Really?!? Why couldn’t they be destroying evidence? After all, this was the same government that: (1) lied about JFK with its magic bullet-lone nut theory; (2) destroyed evidence at Waco, (3) destroyed evidence at Oklahoma City, and (4) repeated the performance on 9/11, and on and on we could go. The FBI, which was clearly politicized and weaponized by one political group against another – think Ohr, Stzrok, McCabe, Comey &c – is all of a sudden trustworthy? My point here is, that one may interpret each detail in a variety of ways, often mutually contradictory.
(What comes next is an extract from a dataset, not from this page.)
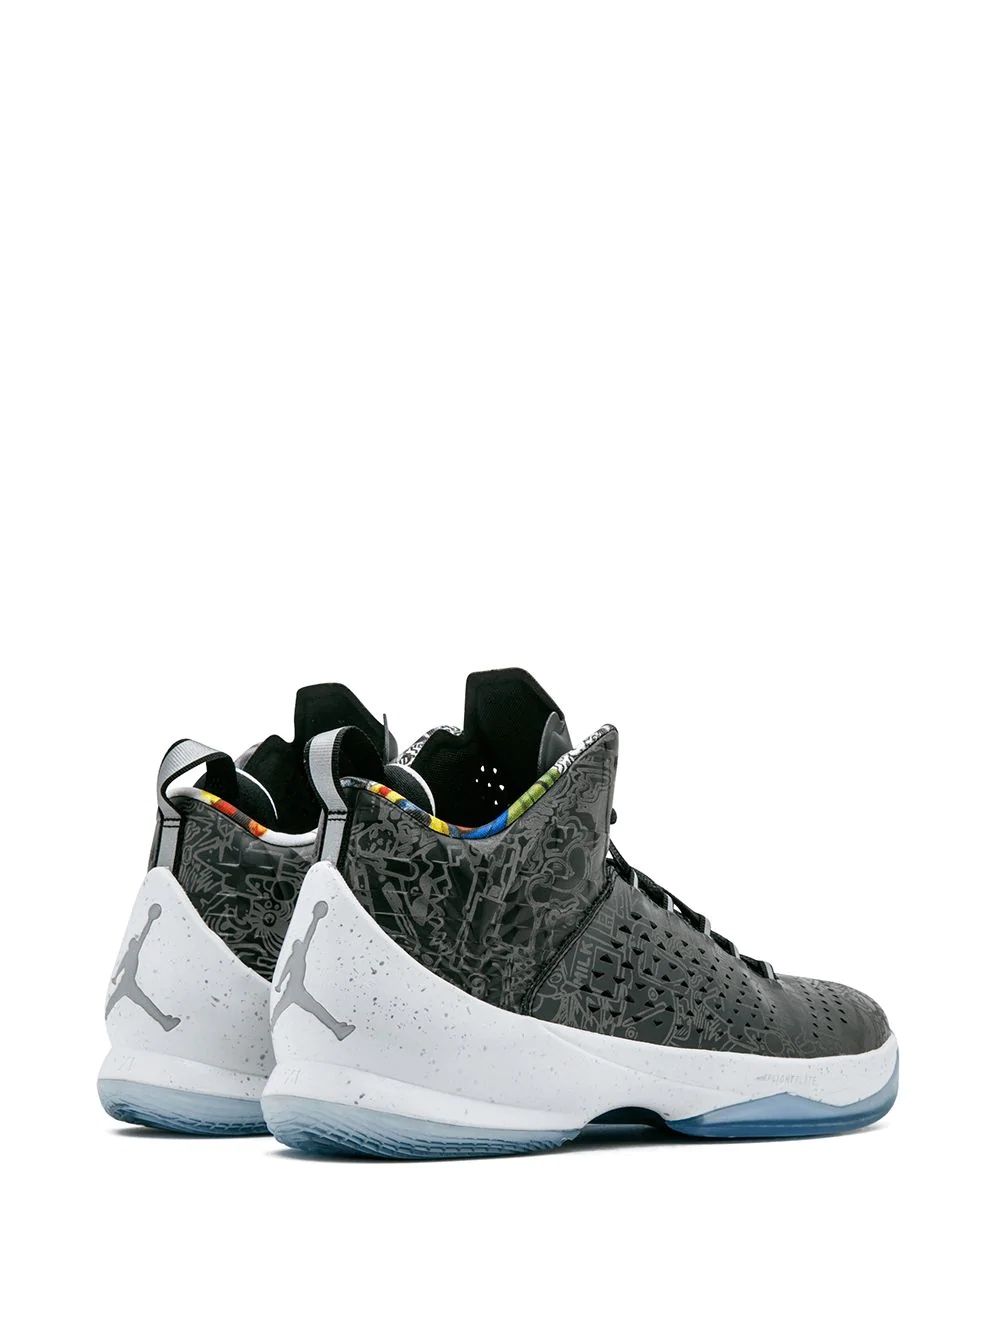 Melo M11 sneakers - 3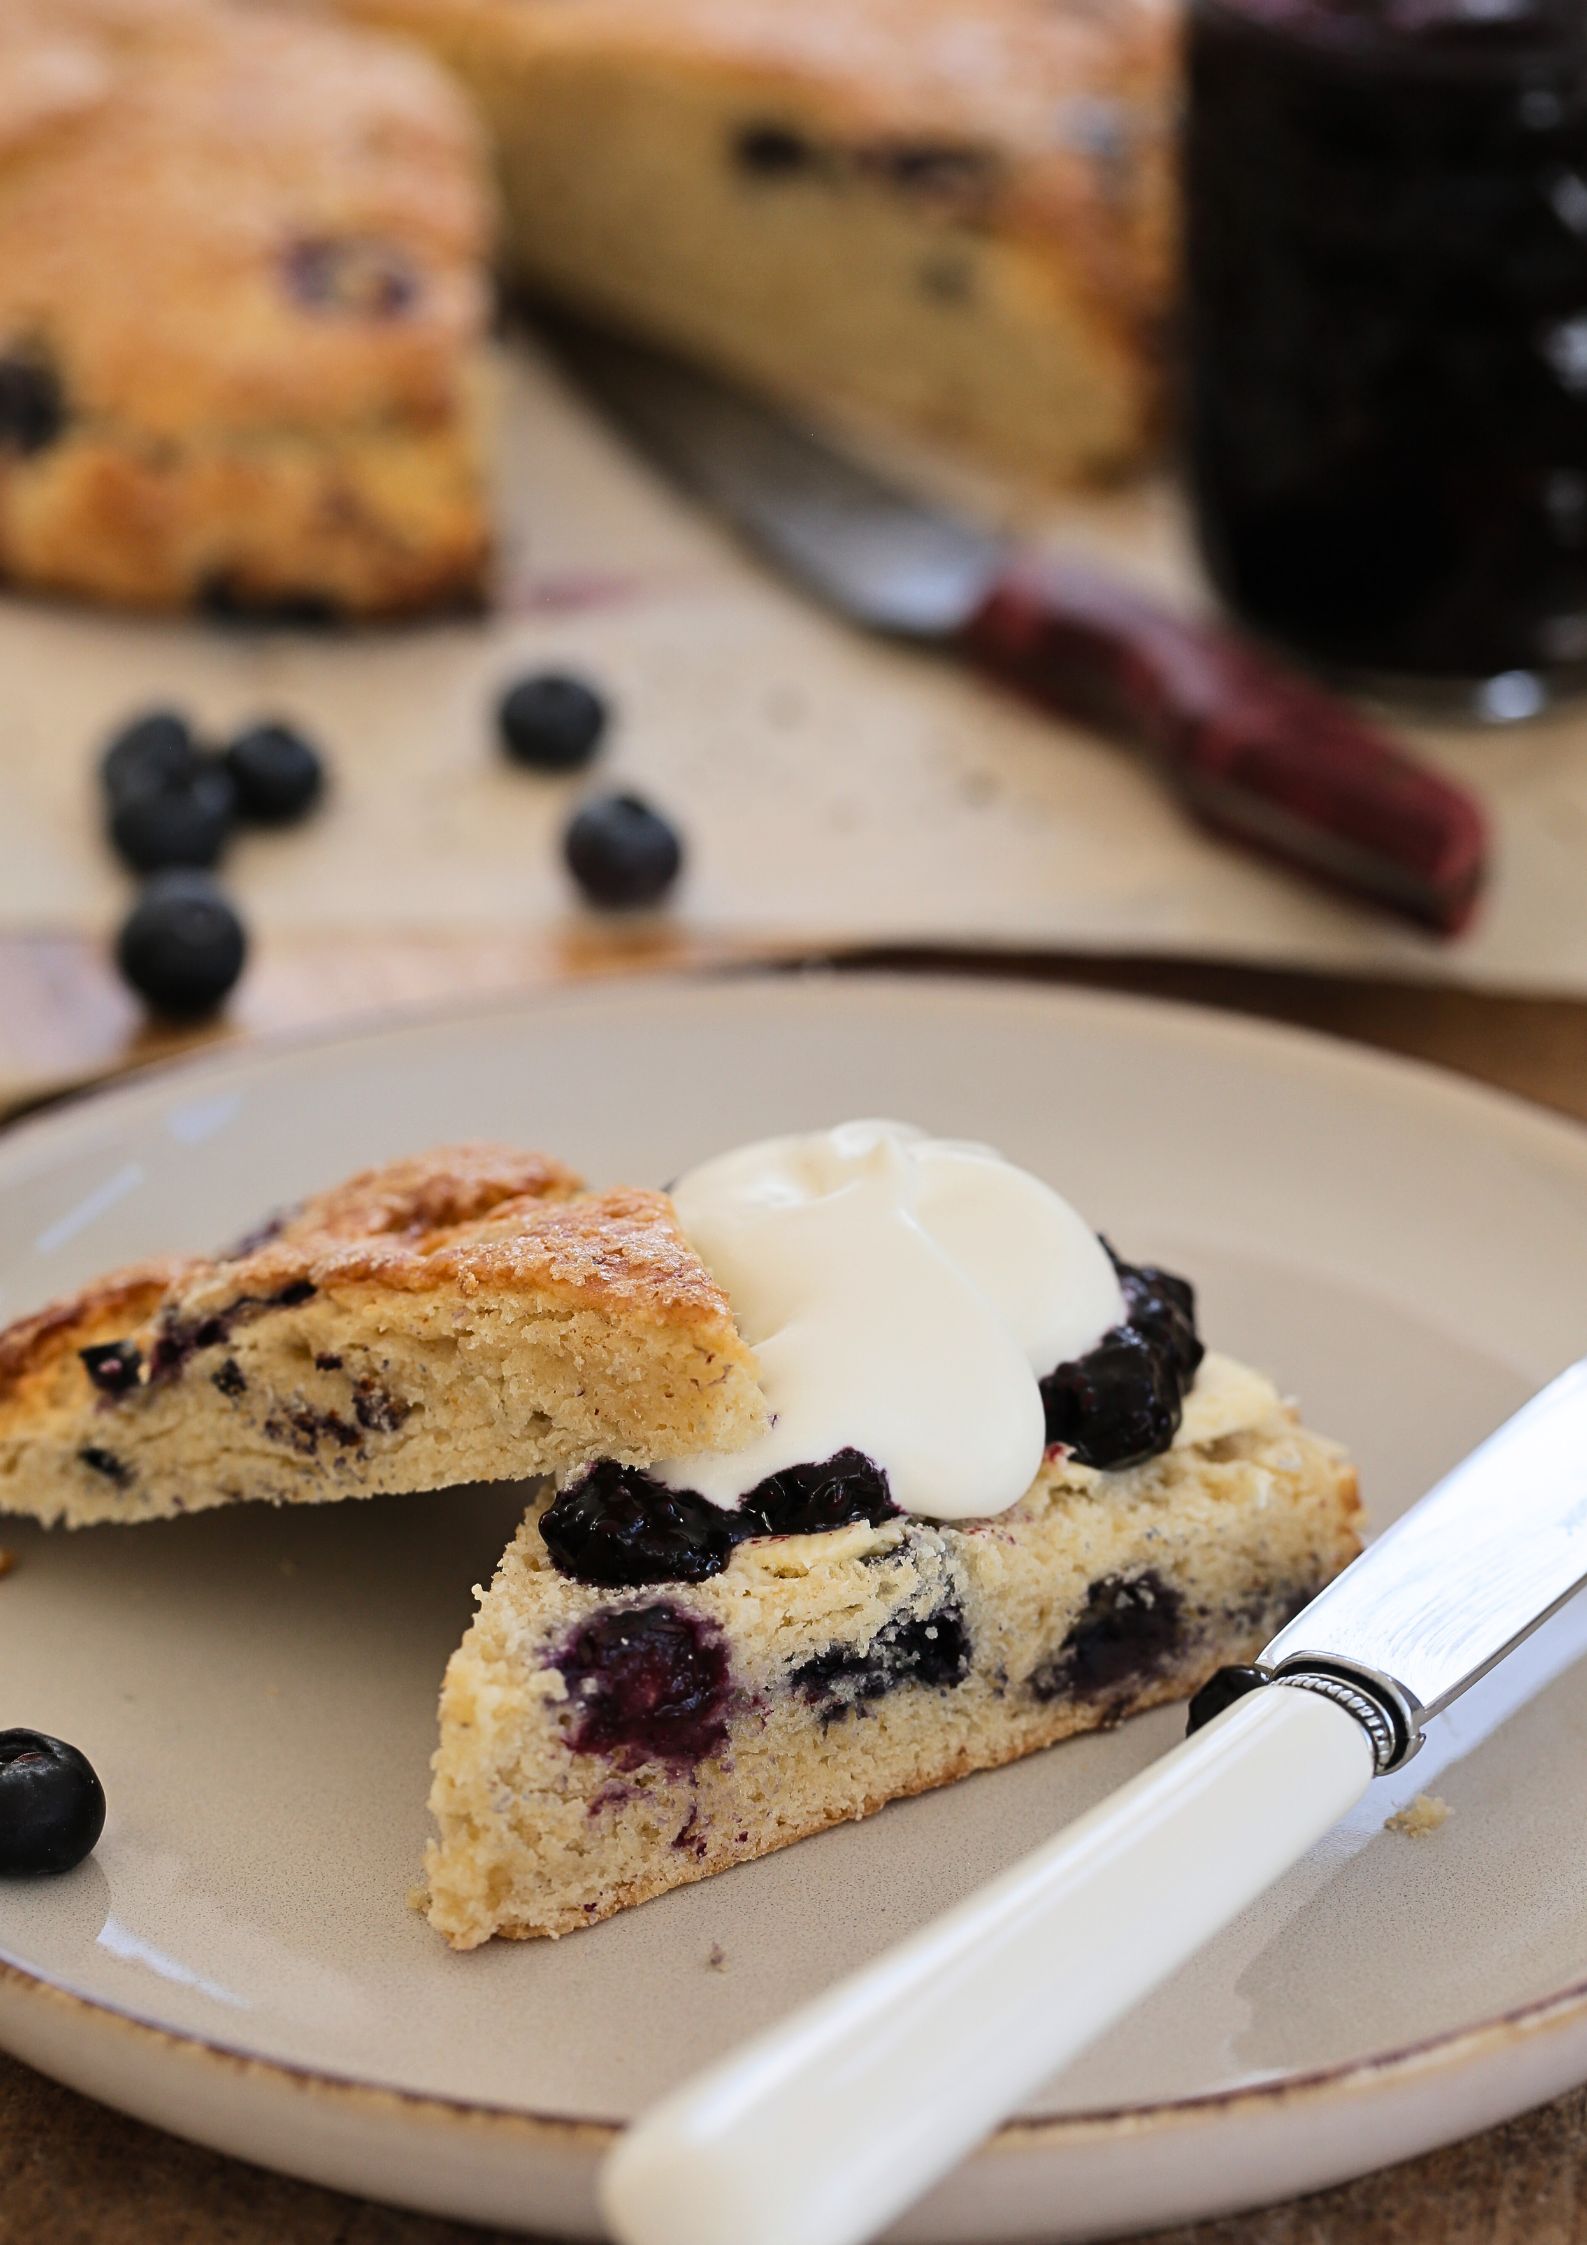 The easiest blueberry scones, made in one bowl with a few simple ingredients. They have a wonderful sugary, crunchy top and are served with an easy homemade blueberry jam and whipped vegan cream for the perfect afternoon tea treat! #veganscones #blueberryscones #eggfree #blueberryjam

And that’s what I mean by an epistemological crisis. With so many reasonably articulated theories out there, with so little forthcoming, and with trust at an all time low and skepticism at an all time high, why should one believe anything the government or the media – and let us never forget the Clowns In America’s penetration of that media – says? One famous American tv talk show host, I’ve noticed, has been repeatedly stating in his broadcasts that the FBI is the world’s greatest investigative organization. Why would he be doing this? Because trust and respect are earned, not commanded, and the FBI has lost both. Don’t feed me the line that there are many good people in the organization, for an organization that can be so easily subverted and perverted by a few at the top is not an organization to be trusted. What holds true for a few popes and cardinals in the Middle Ages (or for that matter, more recently) holds true here. Penance requires the perp walks in this instance, and things are so bad that unless people start seeing the orange jump suits, no one is going to believe them any more.